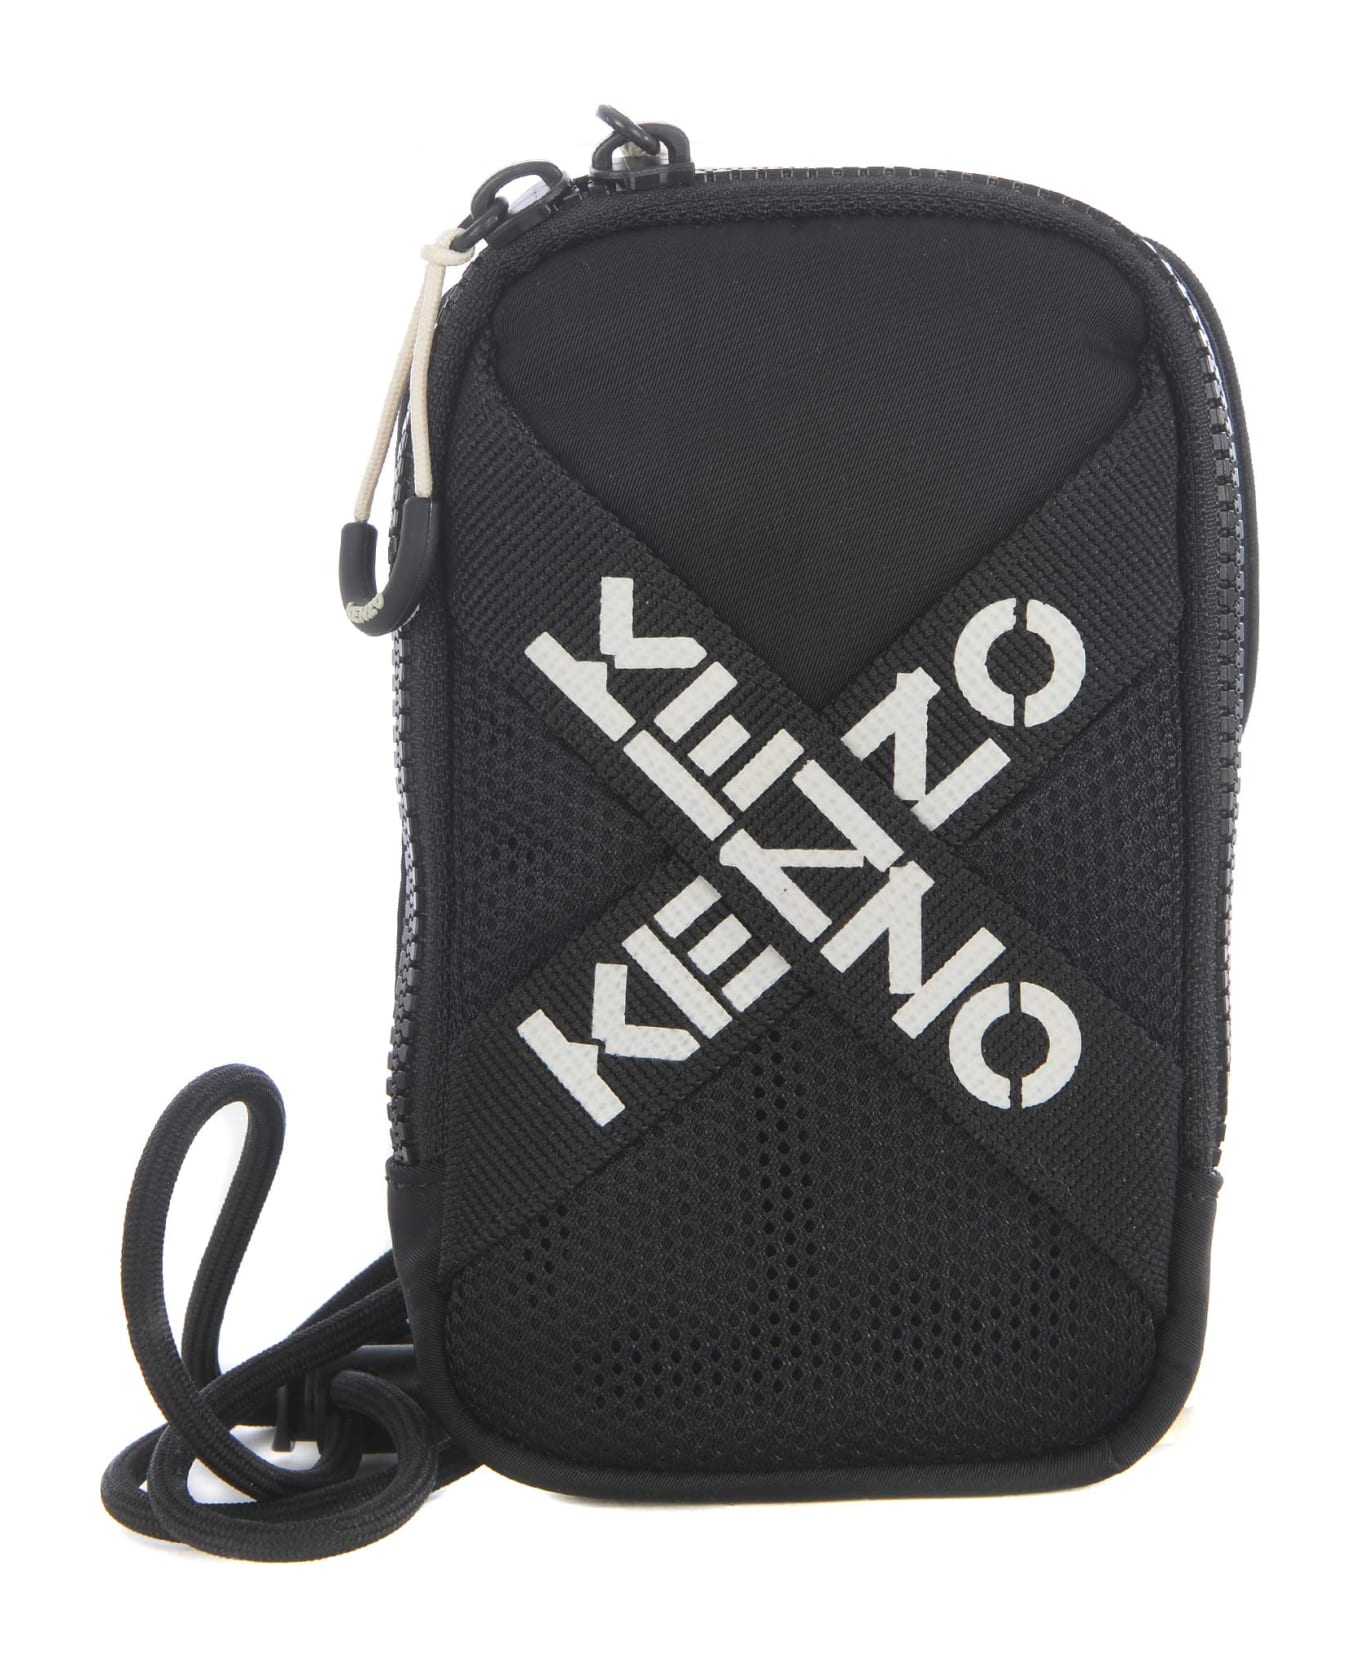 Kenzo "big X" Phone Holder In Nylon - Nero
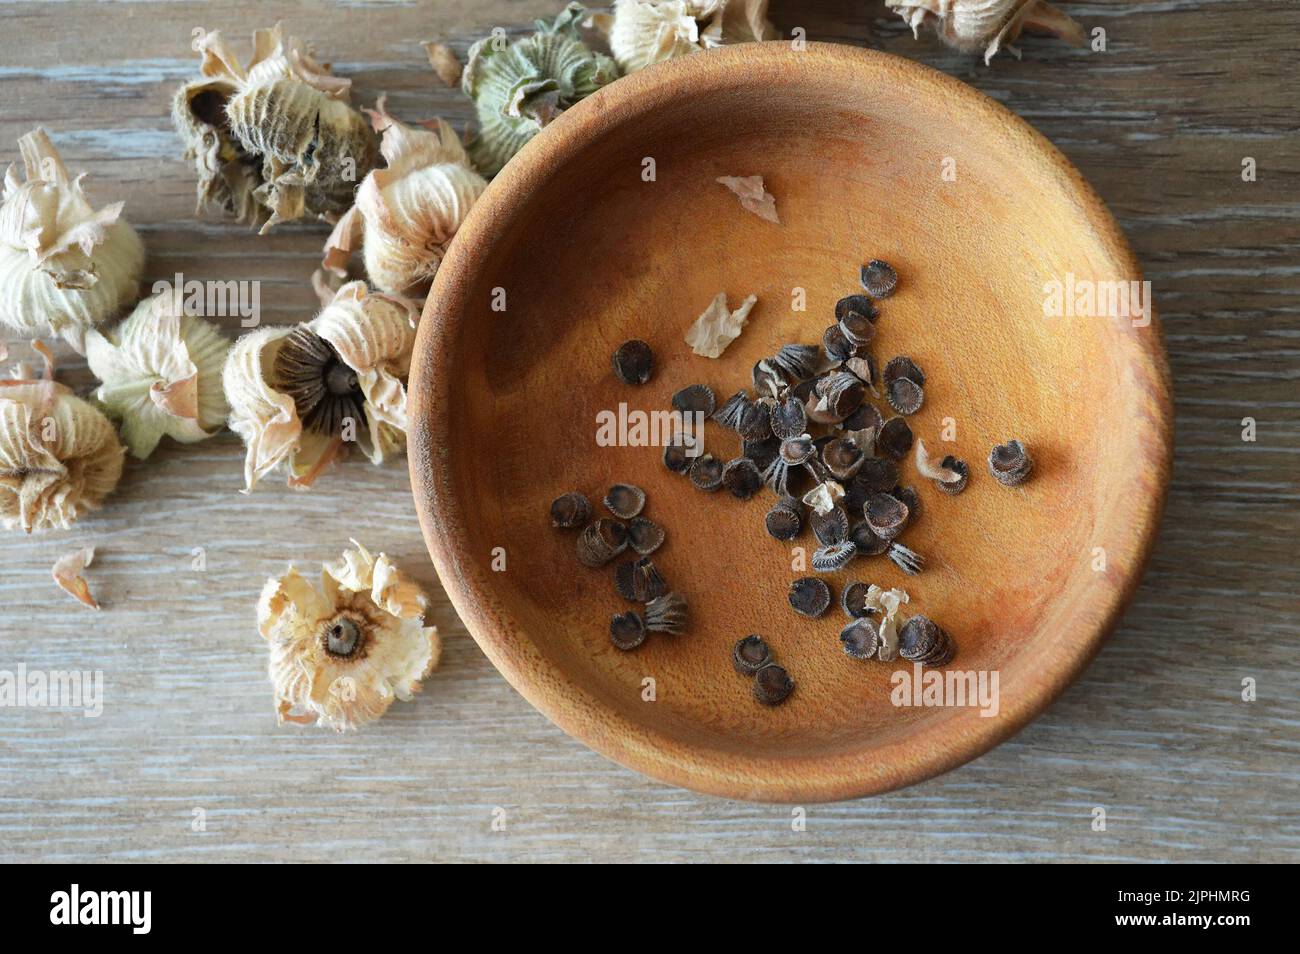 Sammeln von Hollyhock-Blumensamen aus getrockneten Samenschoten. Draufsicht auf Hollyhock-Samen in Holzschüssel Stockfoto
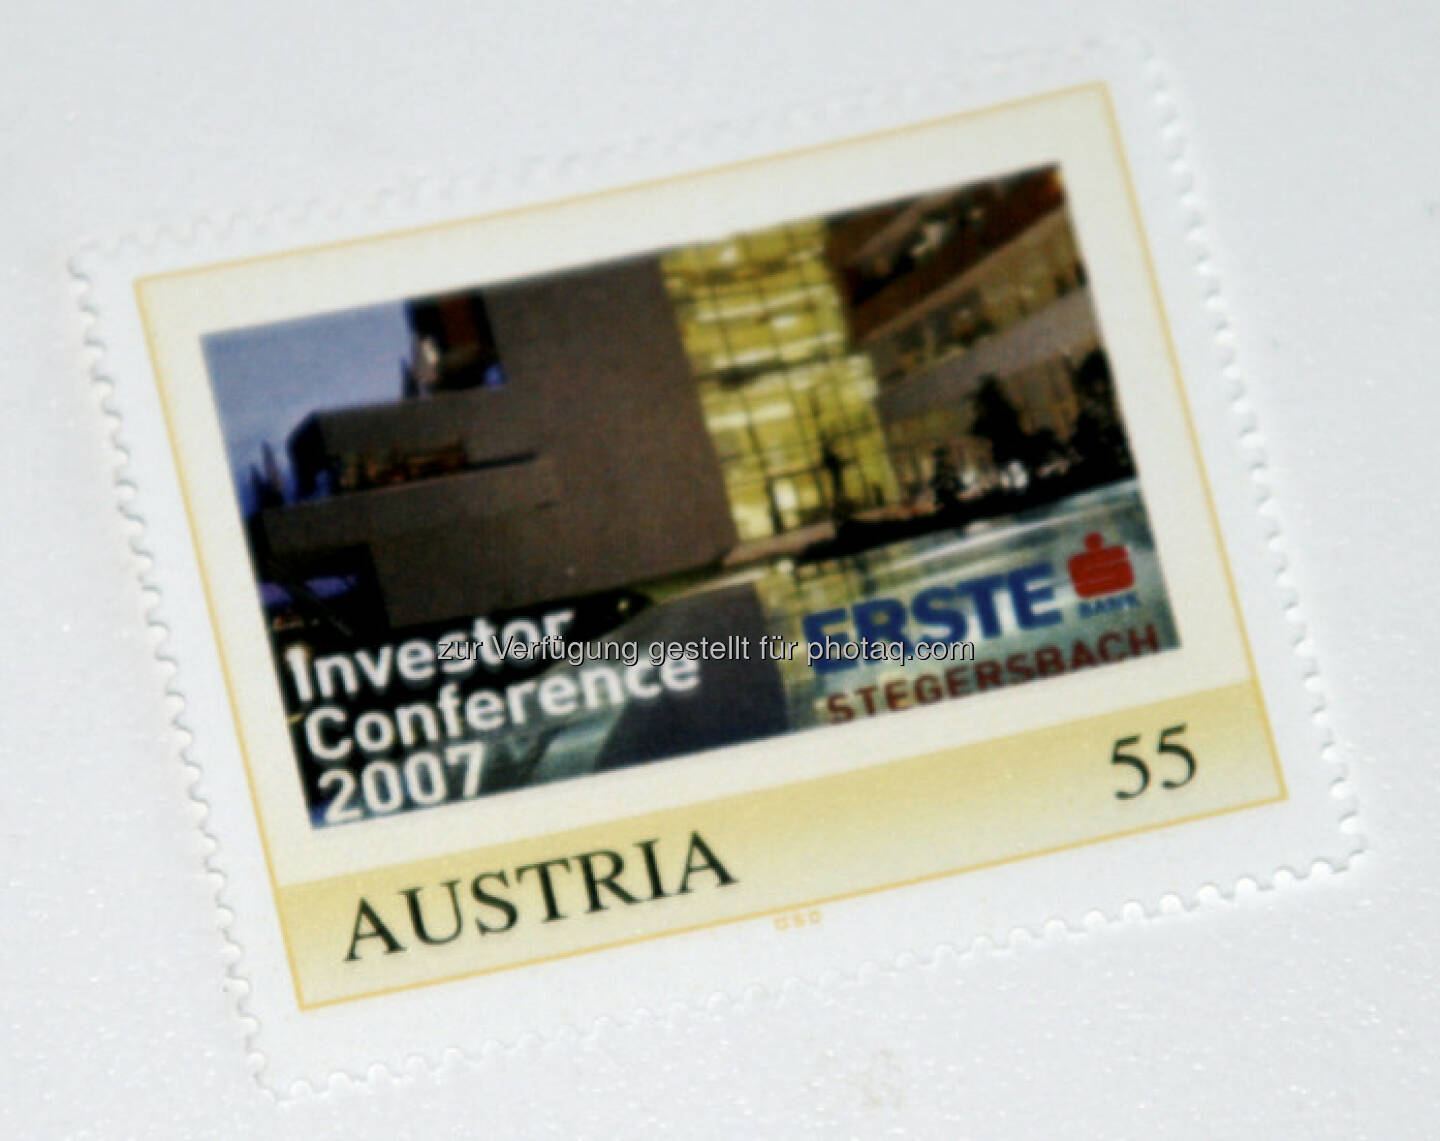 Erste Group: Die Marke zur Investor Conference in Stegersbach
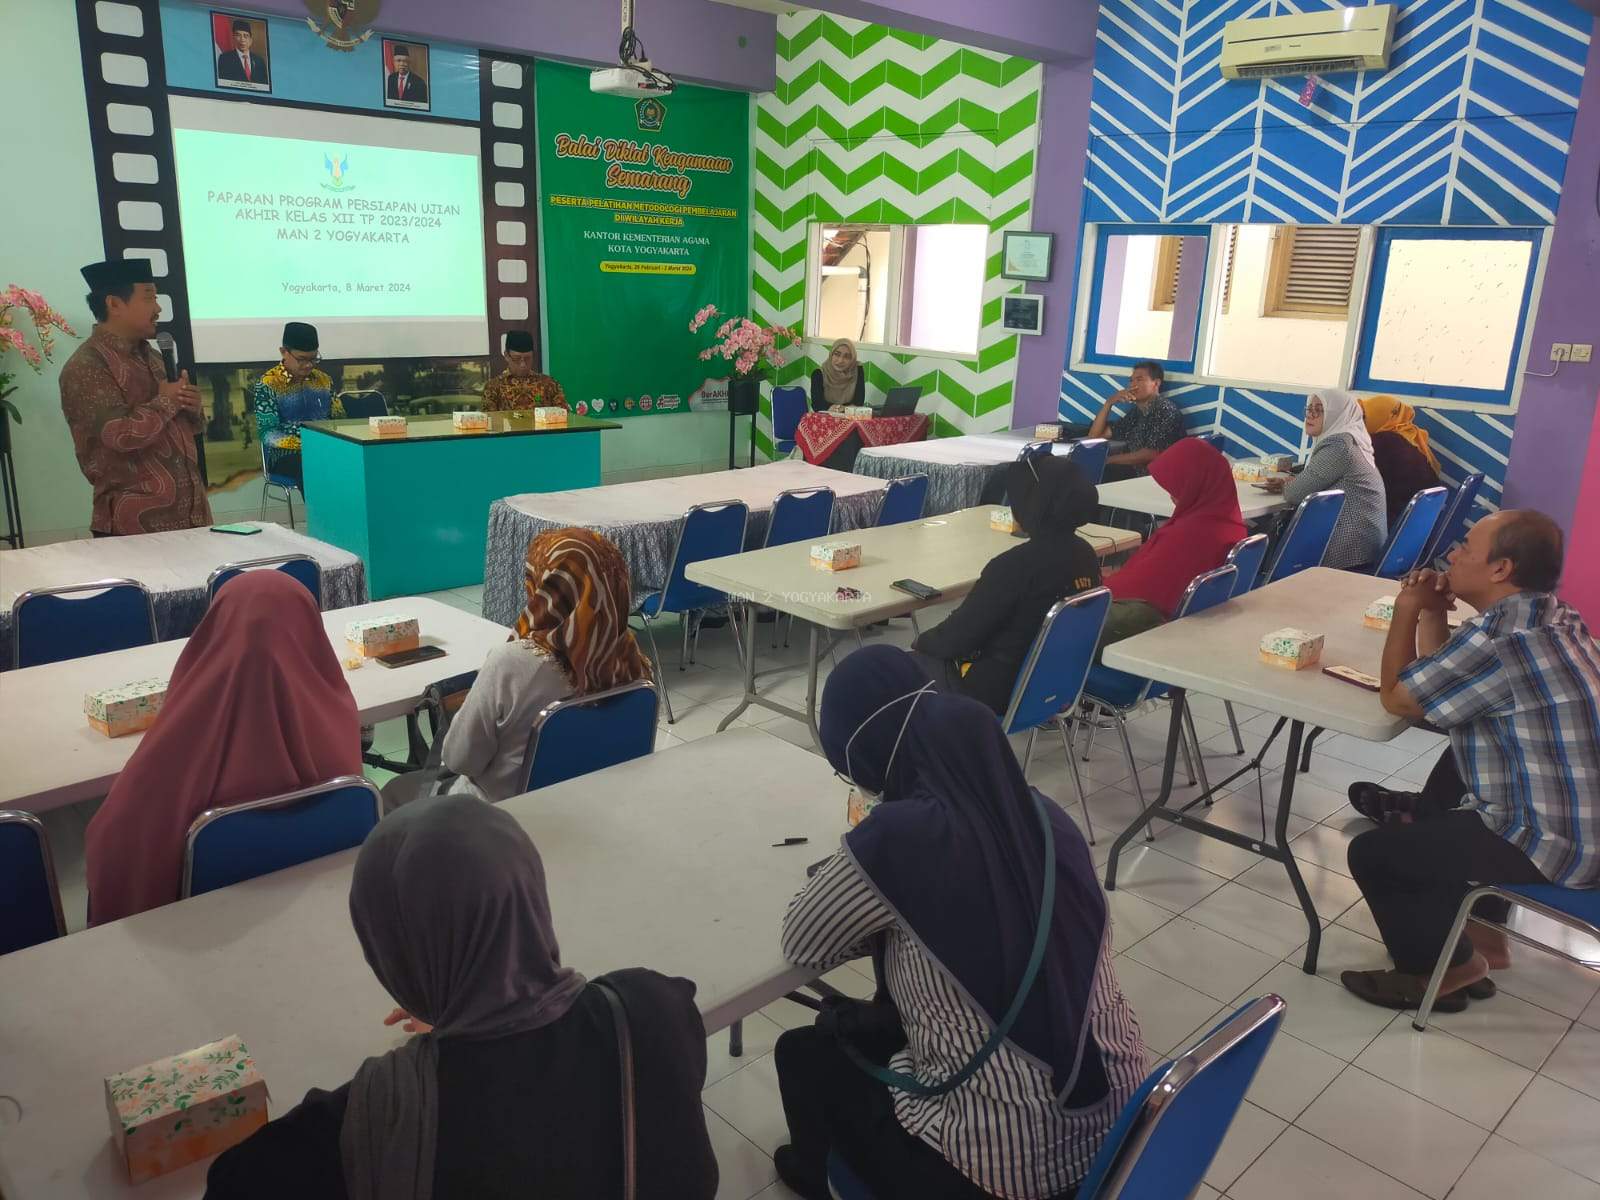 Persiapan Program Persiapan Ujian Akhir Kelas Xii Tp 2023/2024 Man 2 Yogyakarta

#### Requirement:
Only exact copies are wanted here. Write out the lines from the one containing "Sammeln von Hollyhock-Blumensamen" through the end of the material and no others, omitting all pictures.

#### Response for this exercise:
 Sammeln von Hollyhock-Blumensamen aus getrockneten Samenschoten. Draufsicht auf Hollyhock-Samen in Holzschüssel Stockfoto
 Erste Group: Die Marke zur Investor Conference in Stegersbach
 Persiapan Program Persiapan Ujian Akhir Kelas Xii Tp 2023/2024 Man 2 Yogyakarta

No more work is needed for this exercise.